This is effectively a change in basis, corresponding to the definition in LADR that an operator is diagonalizable if it has a diagonal matrix w.r.t. some basis of its space.\
It turns out that an operator is diagonalizable if and only if its space has a basis consisting of its eigenvectors. Equivalently, a square matrix $A$ is diagonalizable if and only if its eigenvectors form a basis.\
This implies that any square matrix $A\in\reals^{n,n}$ with $n$ distinct eigenvalues is diagonalizable (although it *may be* diagonalizable with fewer than $n$ distinct eigenvalues as well).

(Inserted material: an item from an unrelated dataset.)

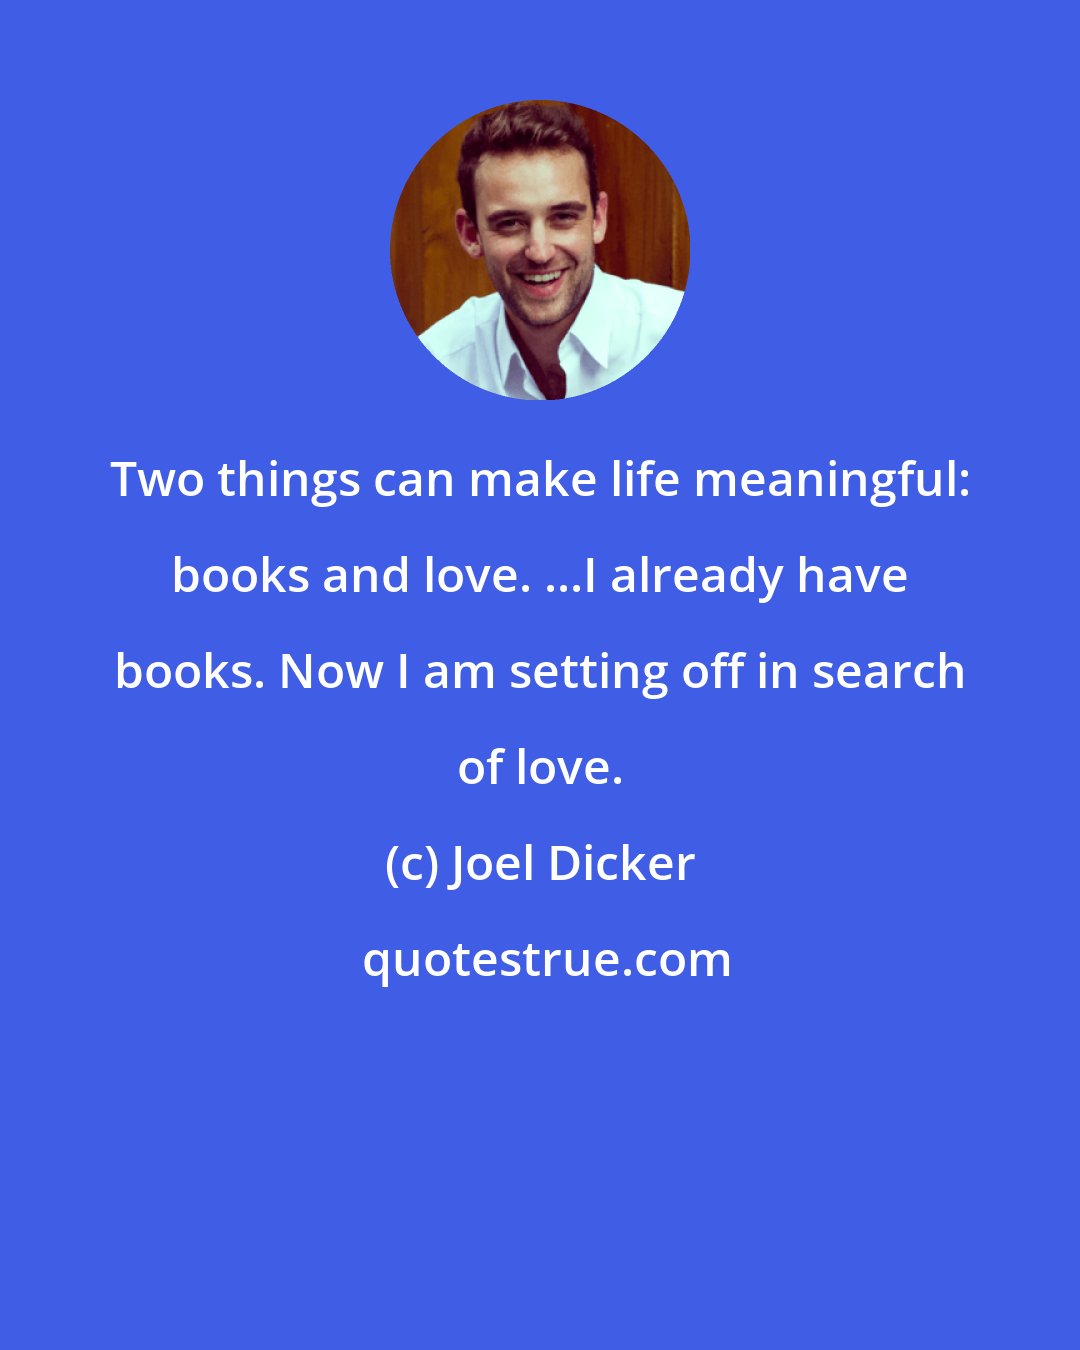 Joel Dicker: Two things can make life meaningful: books and love. ...I already have books. Now I am setting off in search of love.

We may observe that the diagonal matrix is composed of eigenvalues of $A$ by noting:
$$AP = PD \implies Ap_1 + \cdots + Ap_n = \lambda_1p_1 + \cdots + \lambda_n p_n$$
Implying that, $$Ap_1 = \lambda_1p_1 \cdots Ap_n = \lambda_np_n$$

These observations about eigenvalues leads to the next theorem statement:

**Theorem 4.20: Eigendecomposition**\
A square matrix $A\in\reals^{n,n}$ can be factored into a matrices $P,D\in\reals^{n,n}$ where $D$ is a diagonal matrix of eigenvalues of $A$ if and only if the eigenvectors of $A$ form a basis of $\reals^n$
- This implies that only *non-defective* matrices are diagonalizable
- This implies that the column-vectors of $P$ are eigenvectors of $A$

**Theorem 4.21: Symmetric Matrices are Always Diagonalizable**\
A symmetric matrix $S\in\reals^{n,n}$ may always be diagonalized
- This follows directly from the spectral theorem

# 4.5 Singular Value Decomposition

**Theorem 4.22: SVD Theorem**\
Any matrix $A\in\reals^{m,n}$ may be expressed as a composition of orthogonal (i.e. orthonormal) matrices $U\in\reals^{m,m}$ and $V\in\reals^{n,n}$ and diagonal matrix $\Sigma\in\reals^{m,n}$ with positive real elements, such that:
$$A = U\Sigma V^\intercal$$

$U$ is the matrix comprised of eigenvectors of the symmetric matrix $AA^\intercal$, these vectors are sometimes referred to as "*left singular vectors*". \
$V$ is the matrix comprised of eigenvectors of the symmetric matrix $A^\intercal A$, these vectors are sometimes called the "*right singular vectors*"

**NOTE:**\
We can use the SVD to get eigendecompositions for $A^\intercal A$ or $AA^\intercal$:
$$A^\intercal A = V\Sigma U^TU\Sigma V^T = V\Sigma^2 V^\intercal$$
Where $\Sigma = \Sigma^\intercal$ since $\Sigma$ is diagonal, and $U^\intercal U = I$ since $U$ is unitary.\
Likewise: $$AA^\intercal = U\Sigma^2 U^\intercal$$
Singular values are the real square roots of the eigenvalues of $A^\intercal A$. They are *also* the square roots of the eigenvalues of $AA^\intercal$. However, if $m < n$, then only the first $m$ singular values are eigenvalues of $AA^\intercal$, and vis-versa.

**NOTE:**\
$U$ and $V$ are unitary matrices. A key property of a unitary matrix like $U$ is: $$U^{-1} = U^\intercal$$ 


**NOTE:**\
The matrix $U$ provides an orthonormal basis of the vector space $\reals^m$ and the matrix $V$ provides an orthonormal basis of the vector space $\reals^n$ (spectral theorem 4.15 and the eigendecompositions above).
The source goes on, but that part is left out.